◆ **YOUR ASSIGNMENT**: If a line below falls between the line with "Image of Australia" and the line with "2005 Porsche 911", or is one of those two, output it exactly; output nothing else and no pictures.
*** LISTED RECORDS Section Begins ***
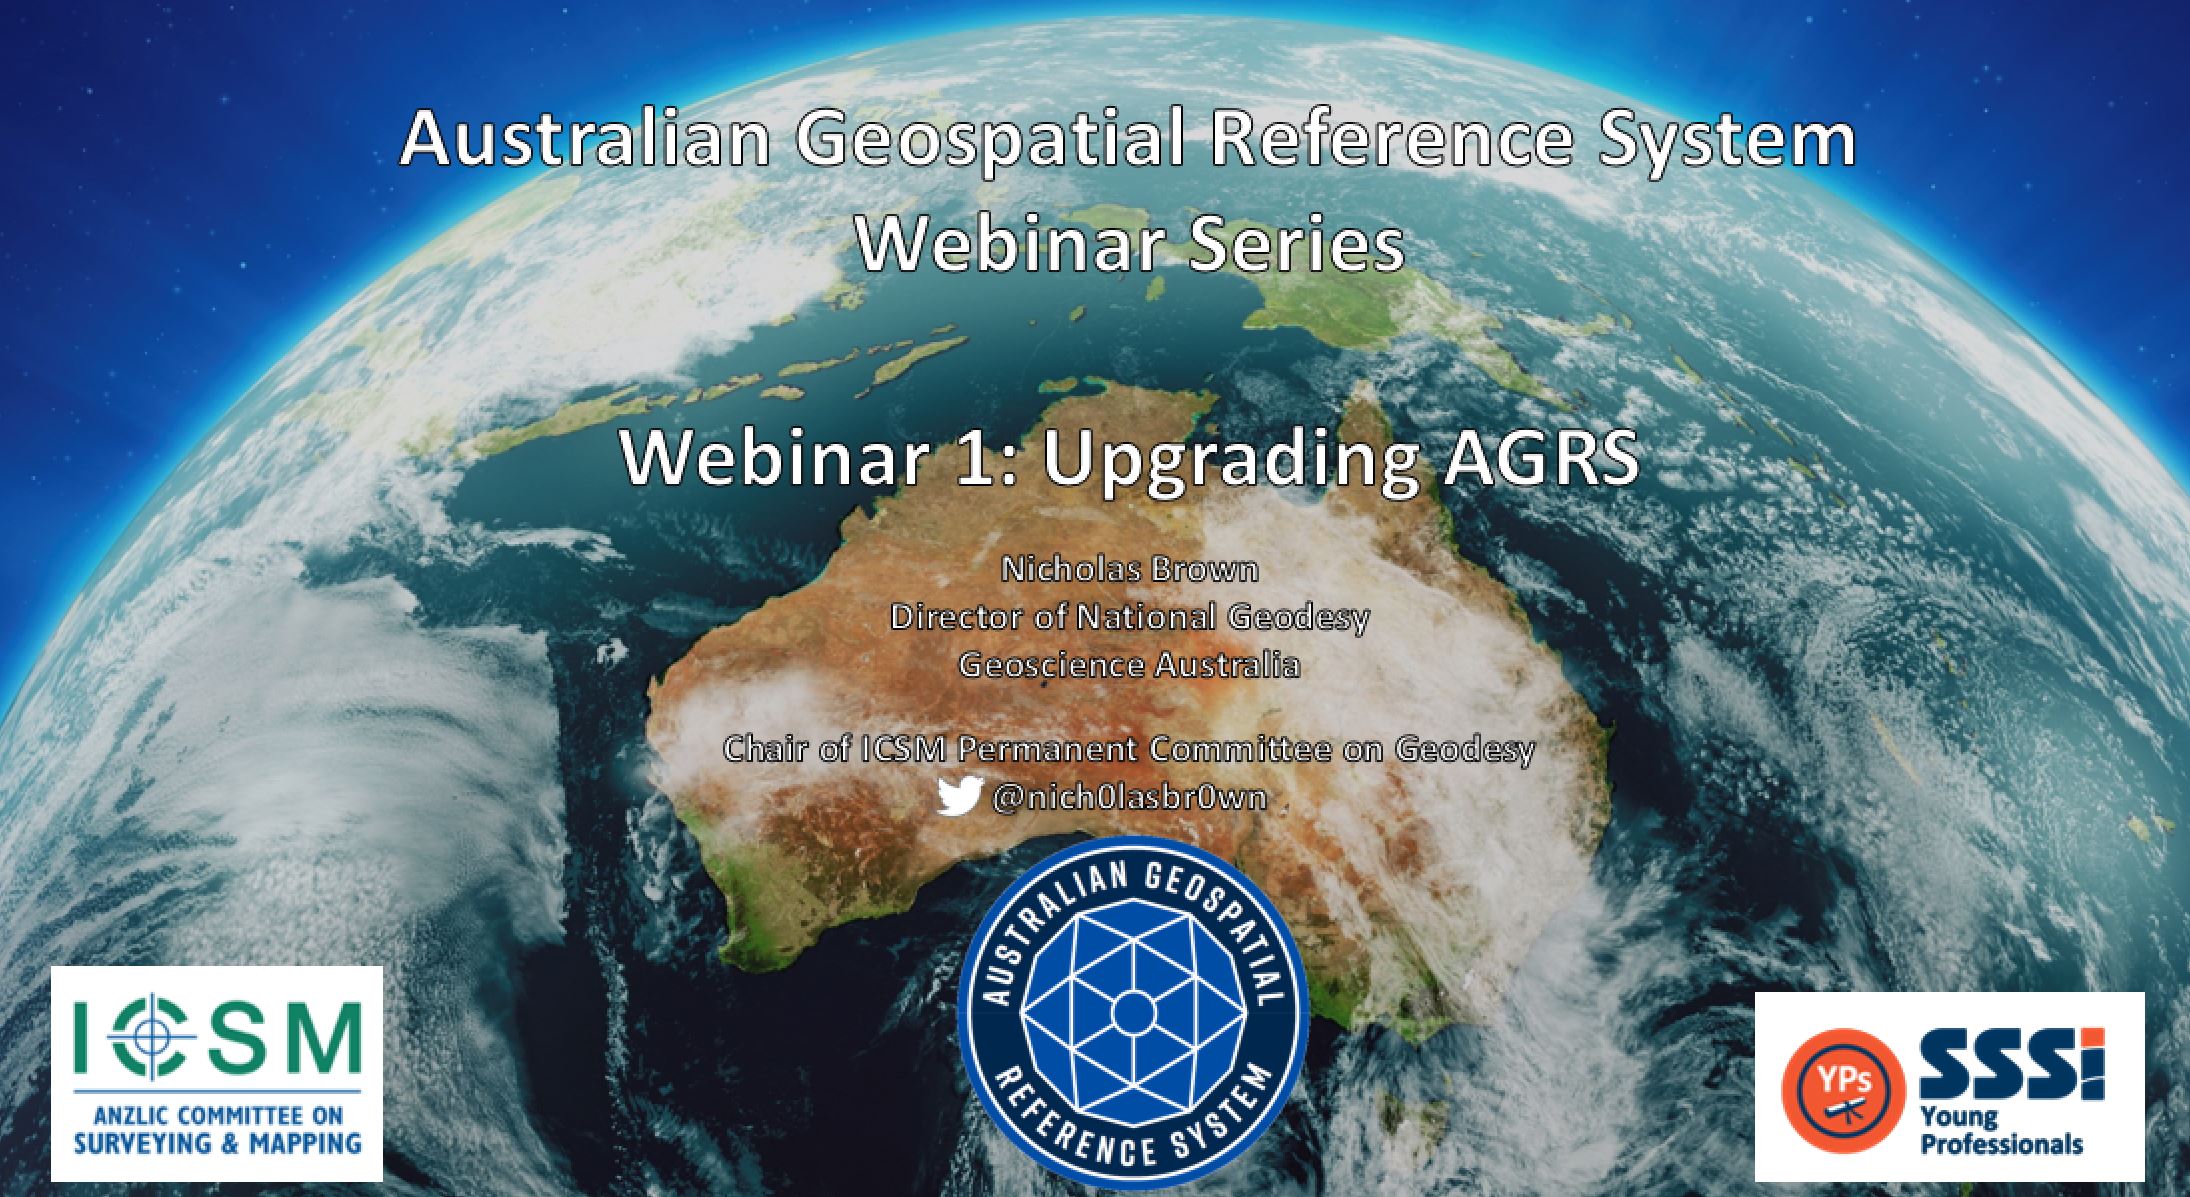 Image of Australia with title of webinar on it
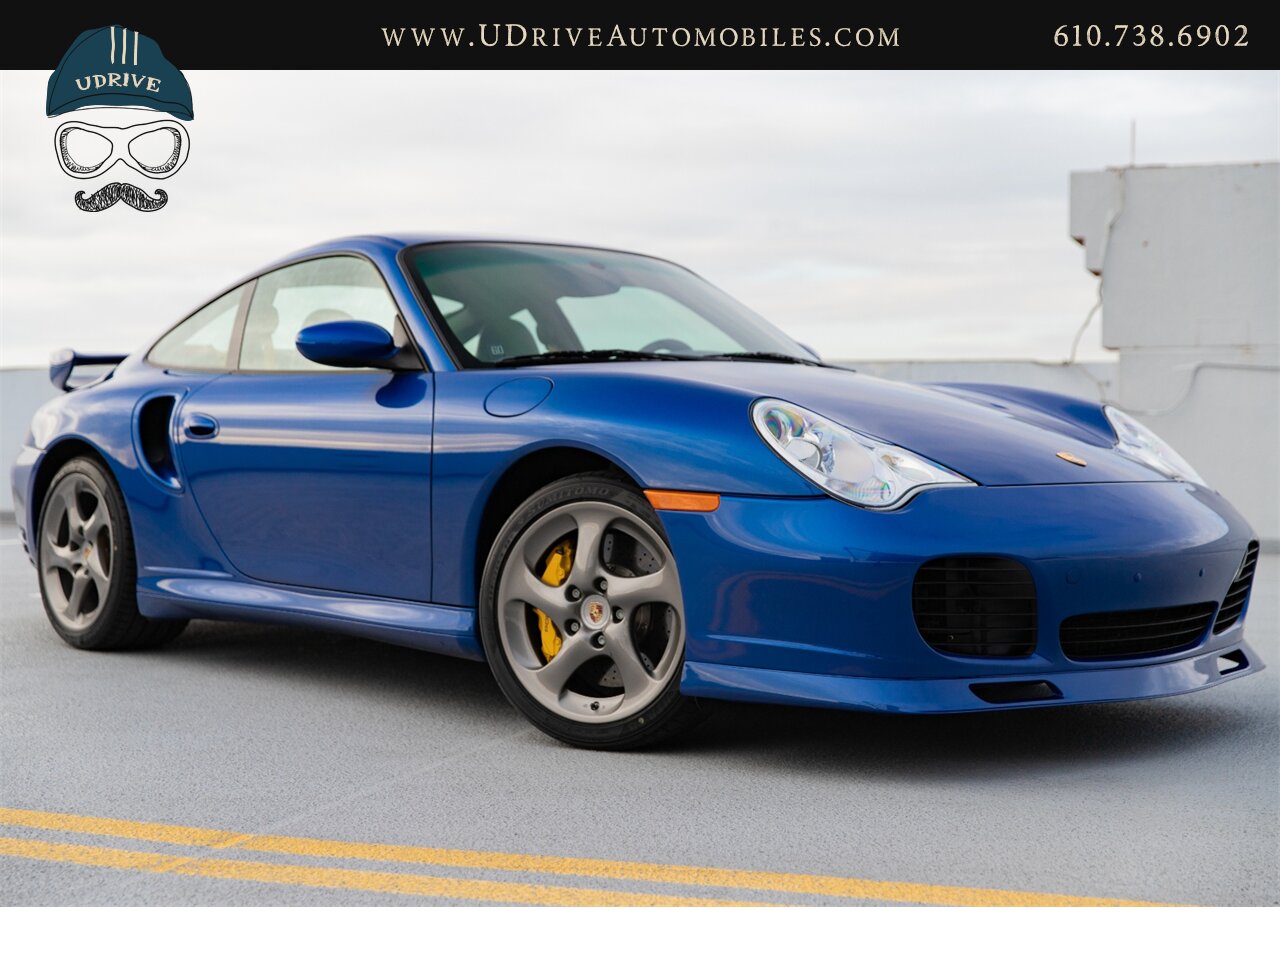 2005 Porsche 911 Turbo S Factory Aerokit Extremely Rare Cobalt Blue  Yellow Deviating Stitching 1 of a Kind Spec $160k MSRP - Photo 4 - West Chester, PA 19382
*** LISTED RECORDS Section Ends ***
*** LISTED RECORDS Section Begins ***
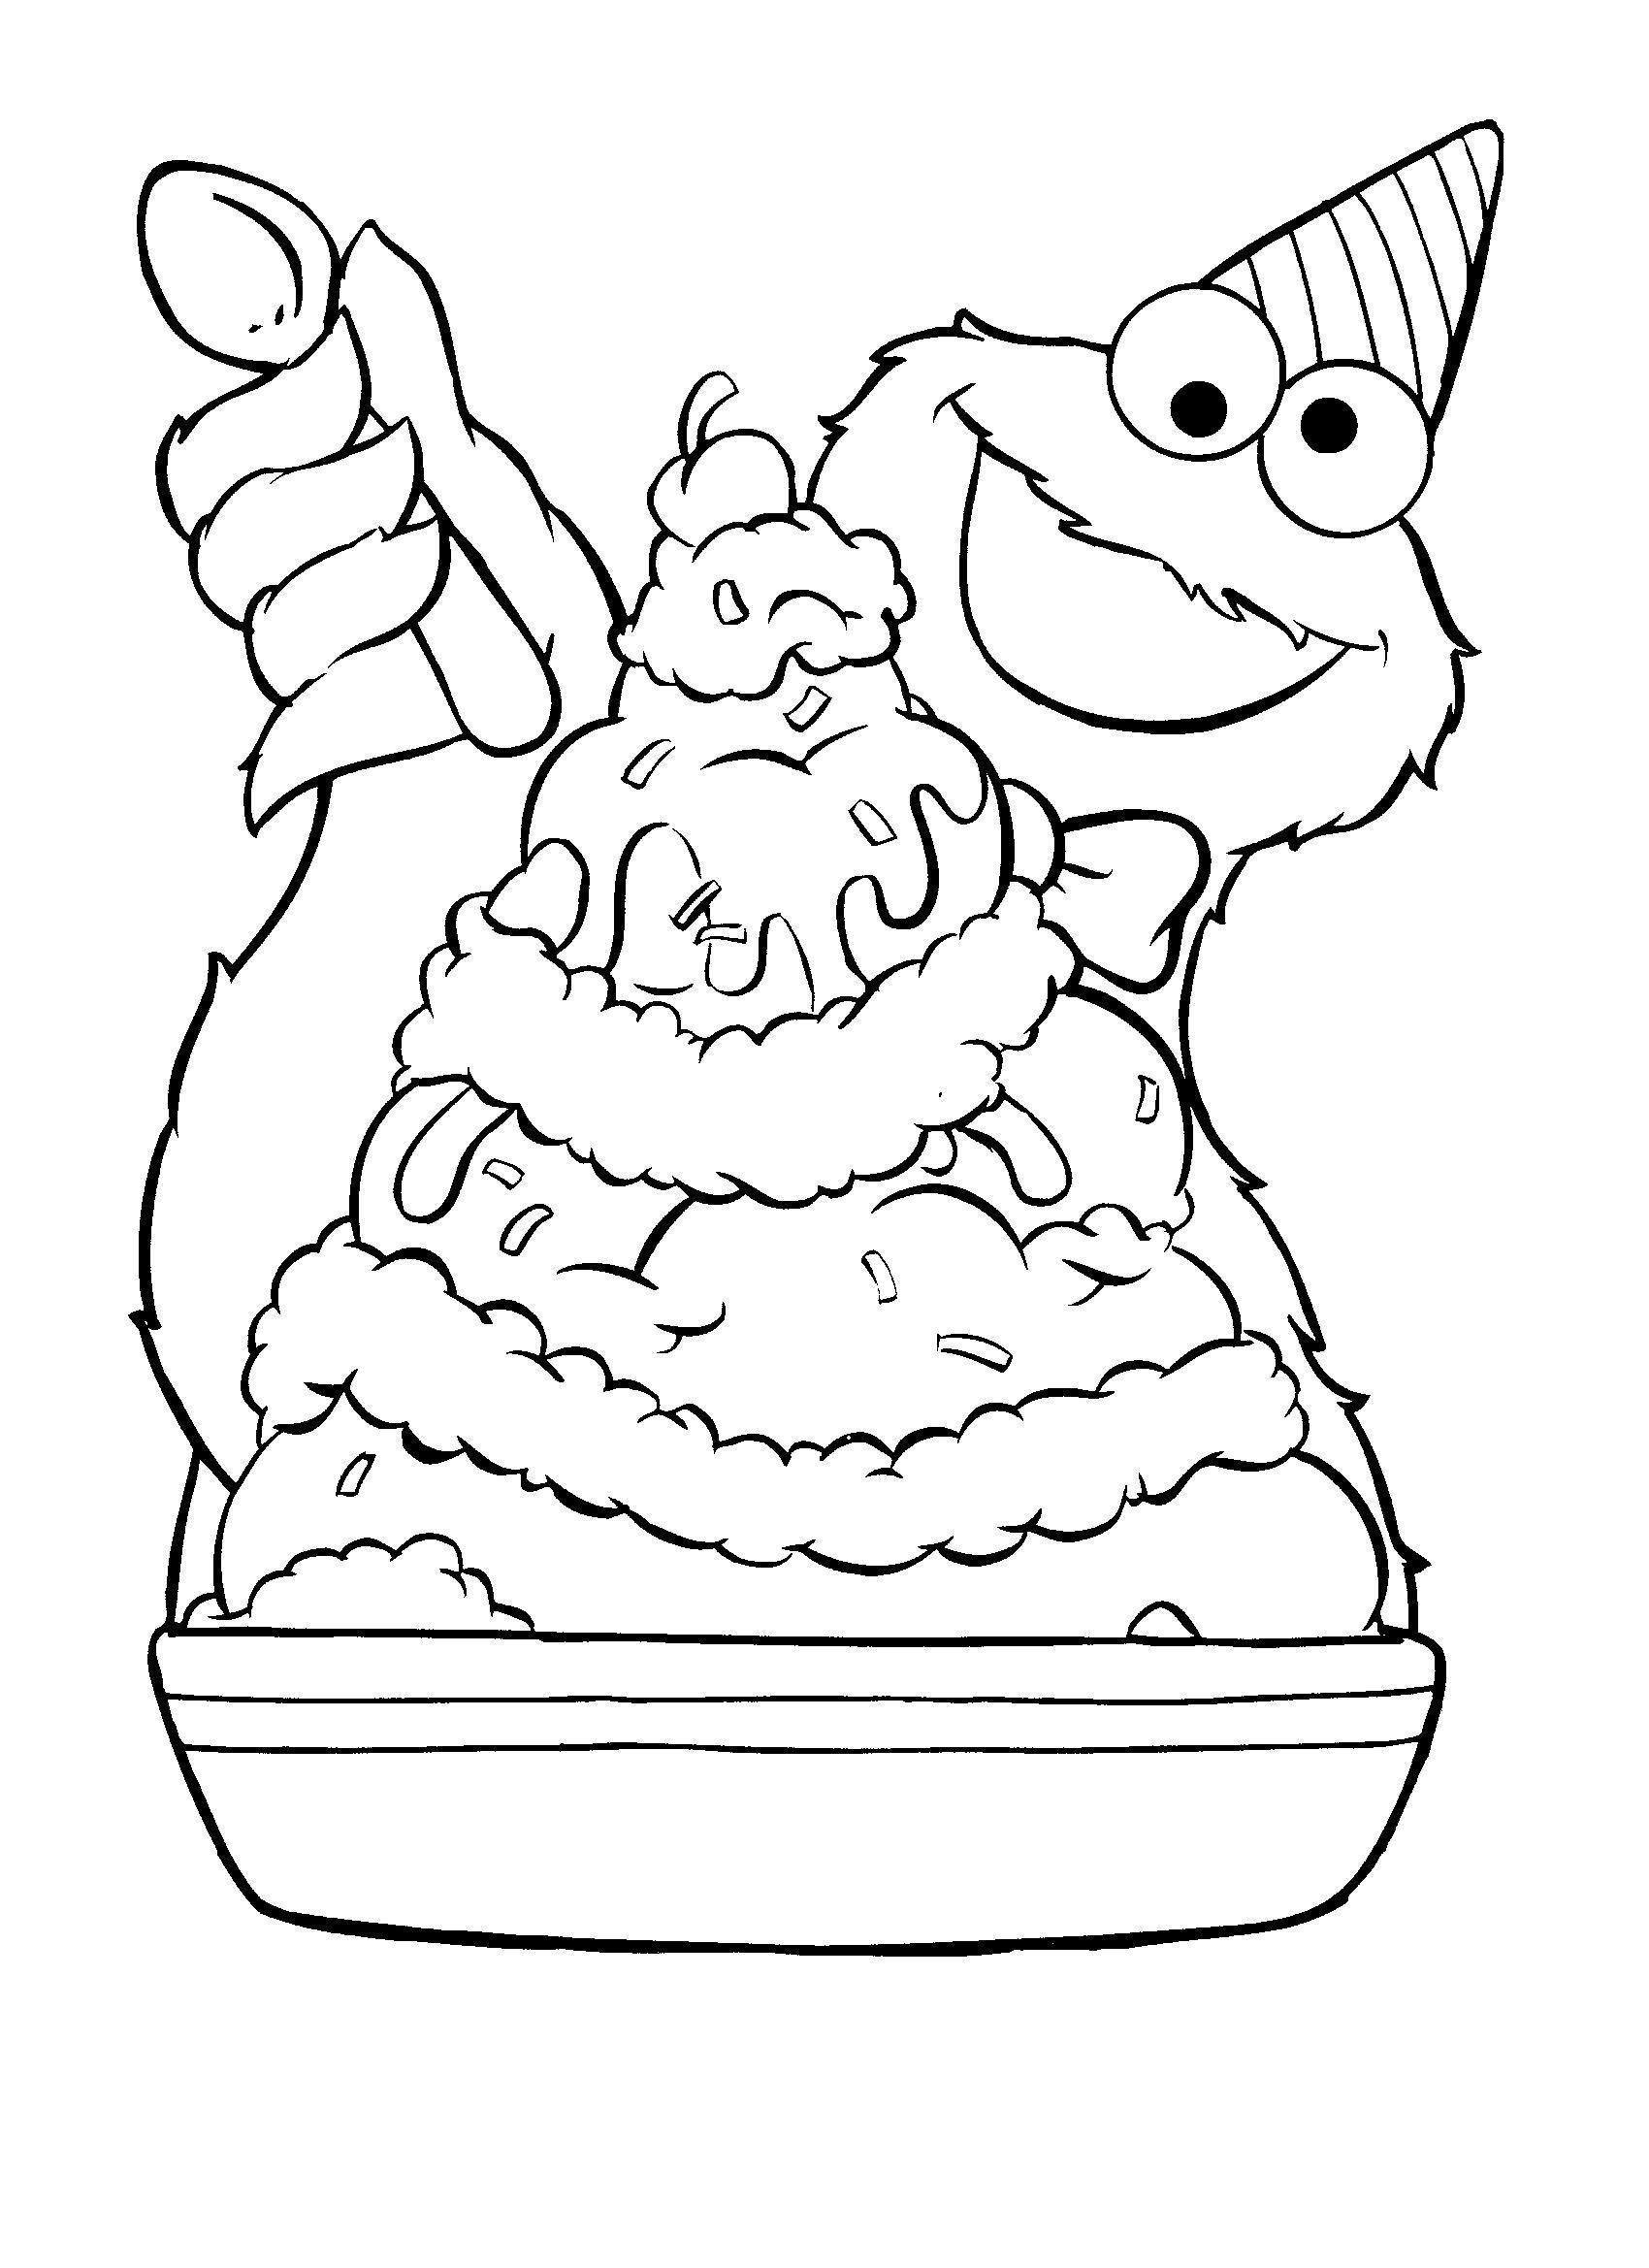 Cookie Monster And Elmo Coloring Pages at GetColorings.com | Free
*** LISTED RECORDS Section Ends ***
◆ **ANSWER FOR THE TASK**:
 Image of Australia with title of webinar on it
 2005 Porsche 911 Turbo S Factory Aerokit Extremely Rare Cobalt Blue  Yellow Deviating Stitching 1 of a Kind Spec $160k MSRP - Photo 4 - West Chester, PA 19382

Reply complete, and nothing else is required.